Key takeaways from conference call: Domestic loan demand has improved, as economic activities picked up but group loan growth is expected to end FY20 in single-digit as loan base in Indonesia is expected to contract (commercial and corporate segments). CIMB has reached out to 330k customers in the vulnerable segment so far. 42k have indicated interest for further support, of which, 83% have been approved for R&R and the rest declining to restructure. Value-wise, this is 3% of the domestic consumer book and 2% of domestic loans. Management tentatively expects 20-30% of group loans that may need R&R. While credit cost has been revised up, CIMB kept its cumulative 150-200bps credit cost guidance over 2020-21 (we think this may be too optimistic). Although no chunky provisions seem apparent currently, this cannot be ruled out. Also, NIM squeeze is still guided for 10-15bps (mainly due to Malaysia and Indonesia), and excludes further OPR cuts (3bps sensitivity to 25bps OPR change) while the target for opex is for a reduction of 5% YoY. CIMB is comfortable that it would be able to meet its CET-1 target of 12-13%. Finally, due to the revision in credit cost, ROE guidance is revised to 2-4% from 3-4% during a recent meeting.

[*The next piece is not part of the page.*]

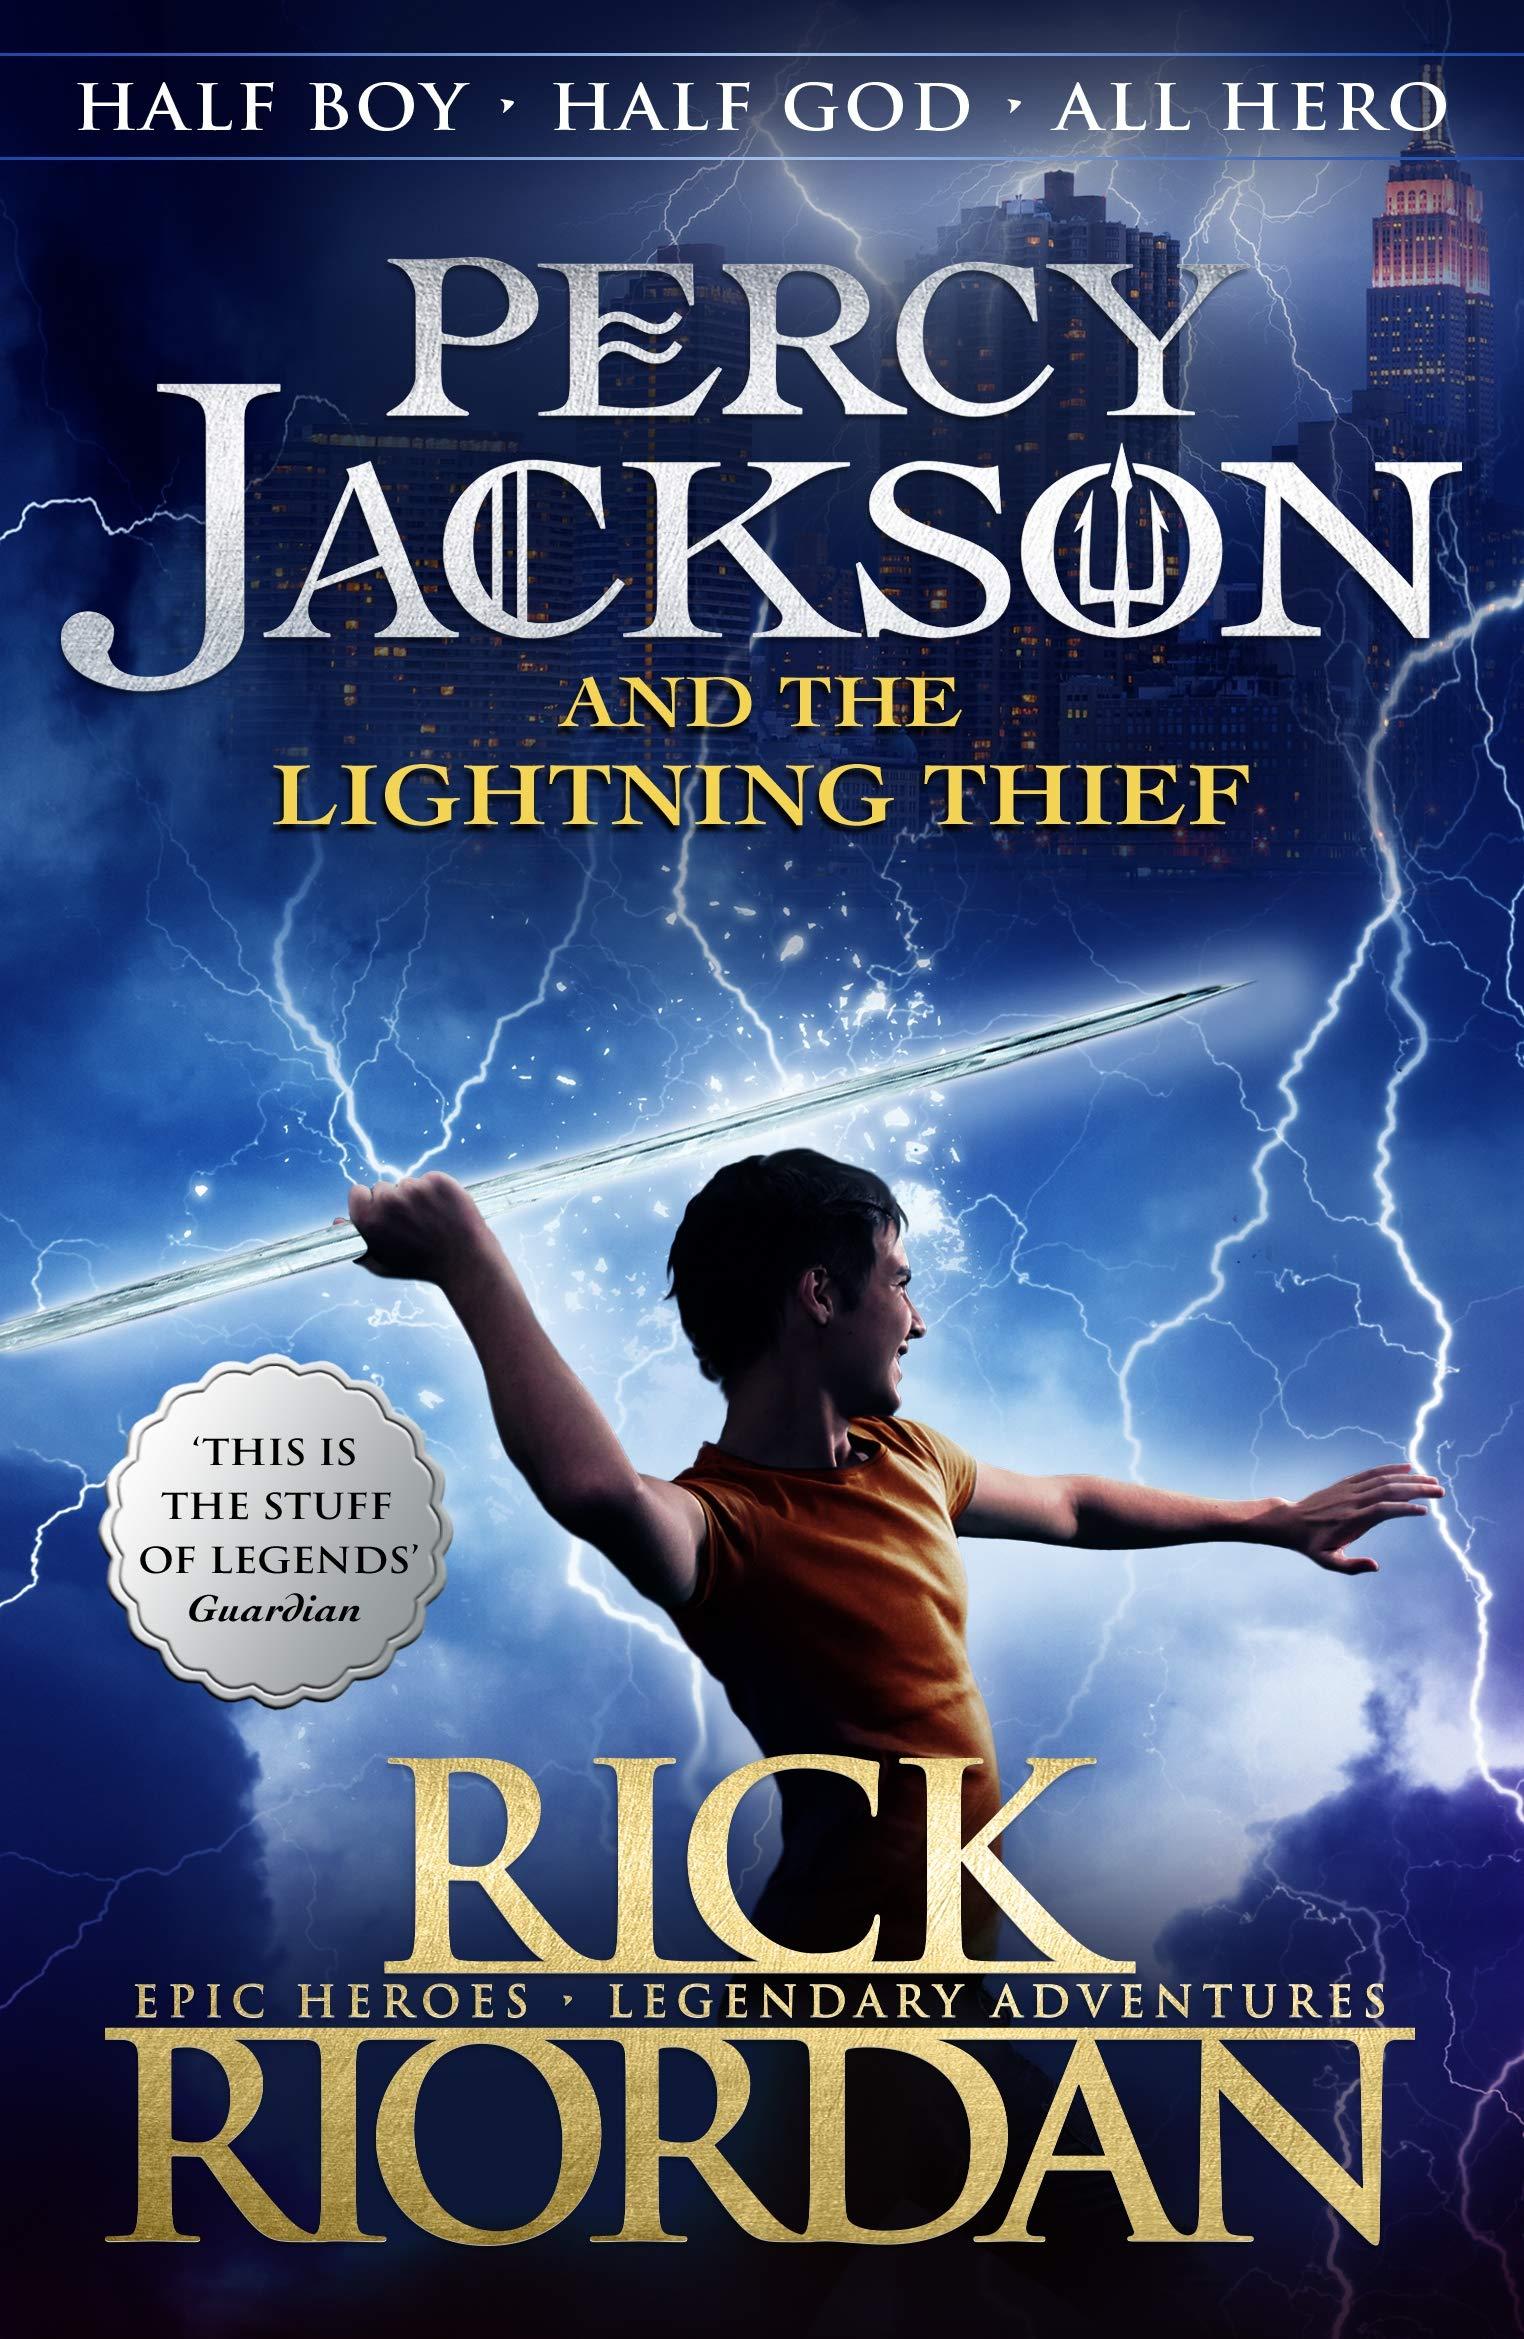 Percy Jackson and the Lightning Thief Book 1 of Percy Jackson:  Amazon.co.uk: Riordan, Rick: Books

FY20E net profit cut by 31%, mainly as we raised our FY20E credit cost to 140bps from 109bps. While this implies a two-year cumulative credit cost of 240bps, we opt to remain more prudent for now given the lack of visibility on asset quality. All-in, FY20E ROE is revised to 3% (from 4.3%). FY20E DPS is cut to 6.8 sen from 12.0 sen due to the earnings revision and revised 40% pay-out ratio (from 50%).

TP maintained at RM3.45, based on a GGM-derived FY21E PBV of 0.6x. Relative to peers, we think CIMB has less headroom ahead to shield earnings and capital from higher loan allowances, e.g. effective tax rate should normalise in 2H, absence of regulatory reserves while investment revaluation reserve stood at a loss of RM227m. That said, following the recent correction in share prices, valuations now appear fair and hence, we upgrade our recommendation to MARKET PERFORM from UNDERPERFORM.

Key risks to our call are: (i) higher-than-expected margin, (ii) stronger-than-expected loans growth, (iii) lower-than-expected rise in credit charge, and (iv) pickup in capital market activities.